# Lights



## d3tained (Sep 21, 2006)

Hi all.

I have 100 liter tank ( 26 gal ) with 56 watts in total giving me 2.1 WPG.I use C02 aswell as liquid fertz.

Now my question is do have have to add more lights to this setup?The plants are grwoing ok.

What would you guys recommend?

Thank you!


----------



## epicfish (Sep 11, 2006)

I'd bump it up to 3.5WPG if you can.

2x55w from AH Supply would give you 110watts over 26 gallons = 4.23 WPG. It's a tad high, but if you have a strict regiment of dosing/fertilizing and with good CO2, I assume you'll be fine.


----------



## trenac (Jul 16, 2004)

That depends on weather you want to stay with low light plants or go with higher light plants. If your plans include adding medium/high light plants then increased light will be needed. I would stay under 4wpg and go with 90 to 100 watts of lighting.


----------



## Gomer (Feb 2, 2004)

you can grow plenty of plants in that light if the lights have a good reflector like the AHSupply kits or T5HO with parabolic reflectors. If NO lights with the typical "reflector"...or lack of...then you will be a little limited.

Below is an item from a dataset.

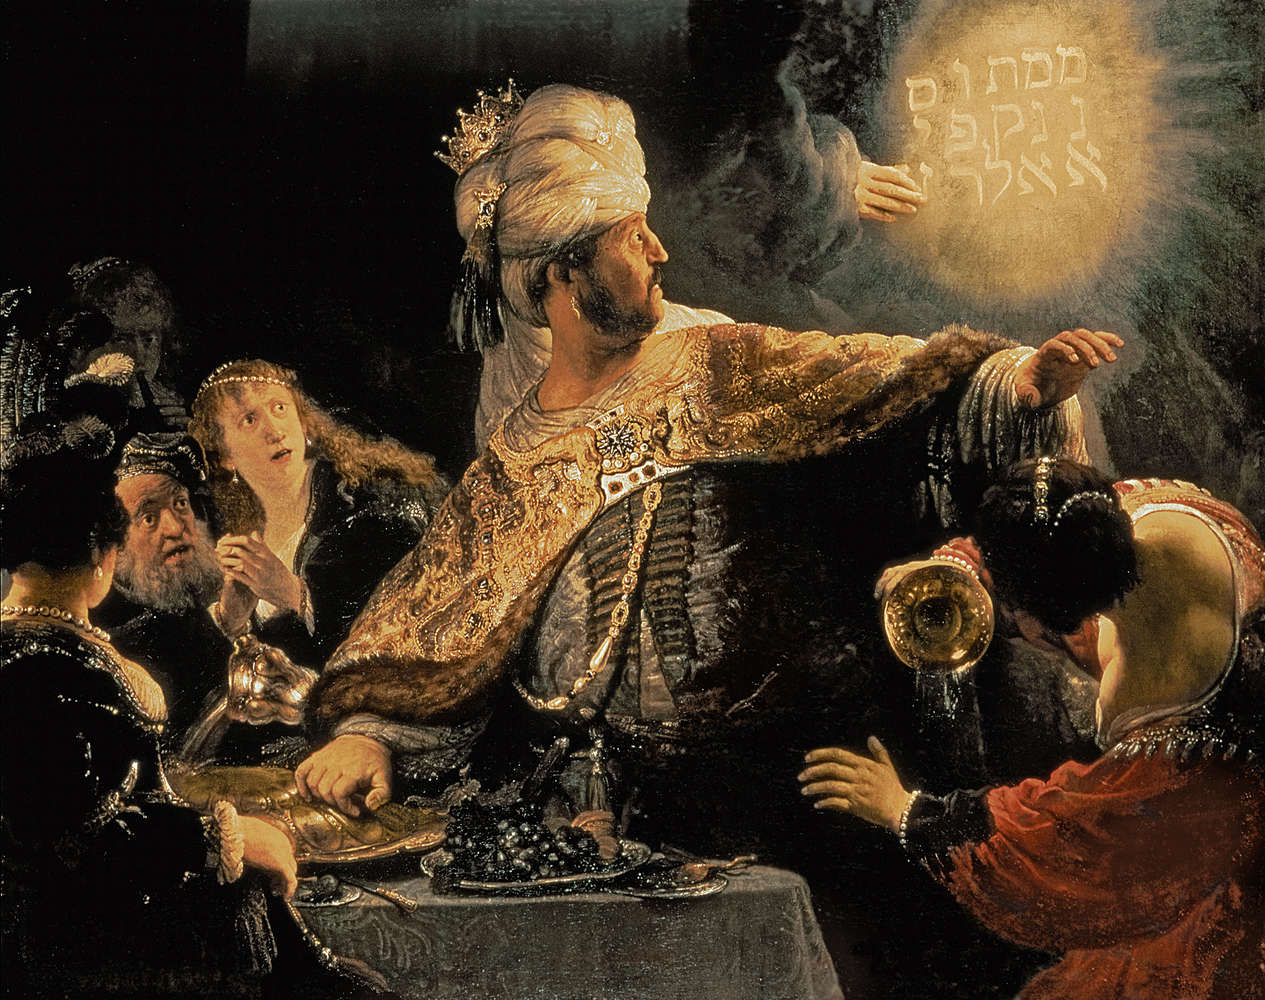             Het feest van Belsassar" muurschildering door Rembrandt van Rijn

Youc an grow must, just won't have the bright colors in the colorful plants (they will be more green)


----------



## d3tained (Sep 21, 2006)

Thx all.

Well ive got no idea what my plants light requirments are.Yes i do have build in reflecters.I will read up on my plants and see what the requirements are and then ajust accordingly.THX ALL!


----------